First, I would sort the data¹:

>>> lst = [{'date':'2008-04-23','value':'1'},
... {'date':'2008-04-01','value':'8'},
... {'date':'2008-04-05','value':'3'},
... {'date':'2009-04-19','value':'5'},
... {'date':'2009-04-21','value':'8'},
... {'date':'2010-09-09','value':'3'},
... {'date':'2010-09-10','value':'4'},
... ]
>>> lst.sort(key=lambda x:x['date'][:7])
>>> lst
[{'date': '2008-04-23', 'value': '1'}, {'date': '2008-04-01', 'value': '8'}, {'date': '2008-04-05', 'value': '3'}, {'date': '2009-04-19', 'value': '5'}, {'date': '2009-04-21', 'value': '8'}, {'date': '2010-09-09', 'value': '3'}, {'date': '2010-09-10', 'value': '4'}]

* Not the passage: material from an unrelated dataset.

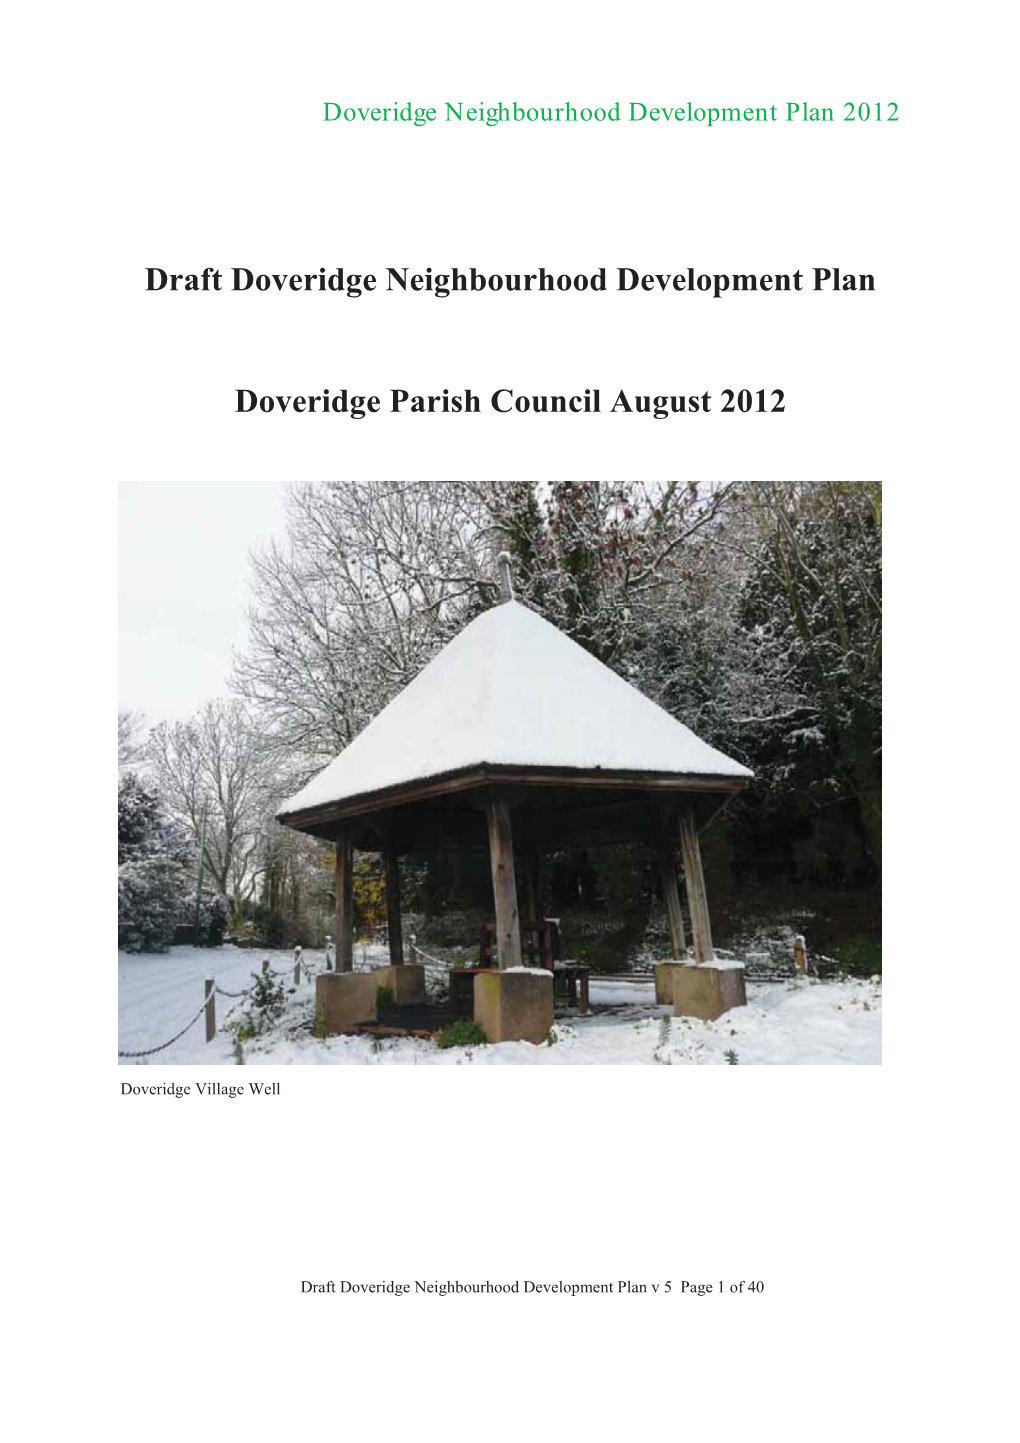 Draft Doveridge Neighbourhood Development Plan Doveridge

Then, I would use itertools.groupby to do the grouping:

>>> from itertools import groupby
>>> for k,v in groupby(lst,key=lambda x:x['date'][:7]):
...    print k, list(v)
... 
2008-04 [{'date': '2008-04-23', 'value': '1'}, {'date': '2008-04-01', 'value': '8'}, {'date': '2008-04-05', 'value': '3'}]
2009-04 [{'date': '2009-04-19', 'value': '5'}, {'date': '2009-04-21', 'value': '8'}]
2010-09 [{'date': '2010-09-09', 'value': '3'}, {'date': '2010-09-10', 'value': '4'}]
>>> 

Now, to get the output you wanted:

>>> for k,v in groupby(lst,key=lambda x:x['date'][:7]):
...     print {'date':k+'-01','value':sum(int(d['value']) for d in v)}
... 
{'date': '2008-04-01', 'value': 12}
{'date': '2009-04-01', 'value': 13}
{'date': '2010-09-01', 'value': 7}

^{1Your data actually already appears to be sorted in this regard, so you might be able to skip this step.}

Solution 2:

Use itertools.groupby:

data = [{'date':'2008-04-23','value':'1'},
    {'date':'2008-04-01','value':'8'},
    {'date':'2008-04-05','value':'3'},
    {'date':'2009-04-19','value':'5'},
    {'date':'2009-04-21','value':'8'},
    {'date':'2010-09-09','value':'3'},
    {'date':'2010-09-10','value':'4'},
    ]

import itertools

key = lambda datum: datum['date'].rsplit('-', 1)[0]

data.sort(key=key)

result = [{
            'date': key + '-01',
            'value': sum(int(item['value']) for item in group)
           } for key, group in itertools.groupby(data, key=key)]

print result

# [{'date': '2008-04-01', 'value': 12},
#  {'date': '2009-04-01', 'value': 13},
#  {'date': '2010-09-01', 'value': 7}]

Solution 3:

The accepted answer is correct, but its time complexity is O(n lg n) because of the sorting. Here's an (amortized) O(n) solution.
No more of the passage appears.